3. In lat_op.c, "Operation routines" section, add the following code:

    decl_op_init(myop)
    {
       /* ... myop initialization code goes here ... */
    }

    void use_myop_asm(volatile uint64_t *sharedp, uint64_t *failp,
                      uint64_t *sucp,
                      uint64_t *work_ticks, volatile uint64_t *counterp);

    decl_op(myop)
    {
        use_myop_asm(sharedp, &this_thread->fops, &this_thread->nops,
               this_thread->work_ticks_jittered, counter);
    }

4. For the operation routine, you'll probably want to add some
assembly code to lat_op_asm.s.  Something like the following should
do:

    LEAF(use_myop_asm)
        .set noreorder

        TIMING_BEGIN

	/* ... myop assembly code here ... */

        TIMING_END

        .set reorder
        END(use_myop_asm)

(Note that copying and modifying use_fetch_add_asm is probably your
best bet for correctness.)

Recompiling at this point should provide you with an executable which
can handle "myop", e.g. "go -o myop ..." will run with your operation.

To perform a full run of the benchmark for some set of datapoints, edit
the config file (copy config.example if necessary) and add "myop" to
the "ops" variable, then run the benchmark as above (see ``RUNNING THE
BENCHMARK'').

gen_charts, etc. should work with your new operation's data.


ADDING A NEW VISUALIZATION METRIC TO THE BENCHMARK

All of the metrics for visualization are loosly defined in gen_charts.
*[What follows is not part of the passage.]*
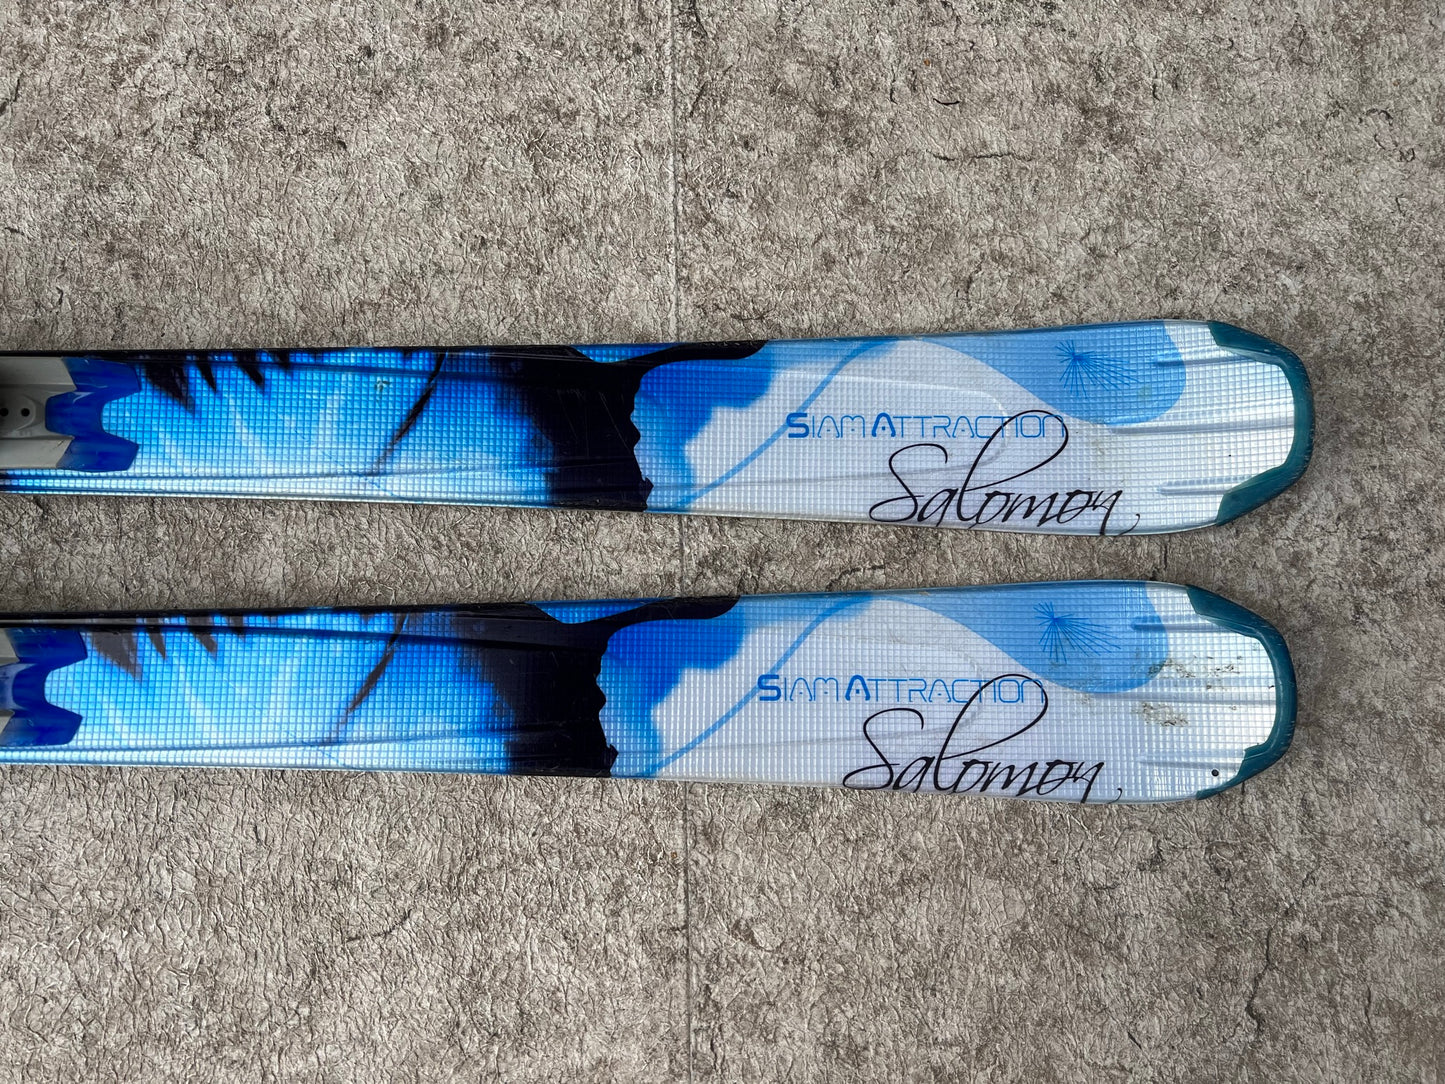 Ski 154 Salomon Sammatraction Blue Grey Silver Parabolic With Bindings Excellent

Let's assume that you wanted to visualize the maximum number of failed
store conditionals normalized to the 1 processor case.  Adding the
following line to the ``METRICS FOR VISUALIZATION'' section of
gen_charts would work:

	$gen -t "$dirbase $test failure ratio" -d $dir/*/$test \
		-n fops max \
		> $charts/${dirbase}_${test}_failure_ratio.txt

After adding that line to gen_charts, the rest of the graph generation
code should oblige and generate 3D graphs for you.

Run "procs_vs_workload -h" for more information on the flags which can
be applied when generating charts.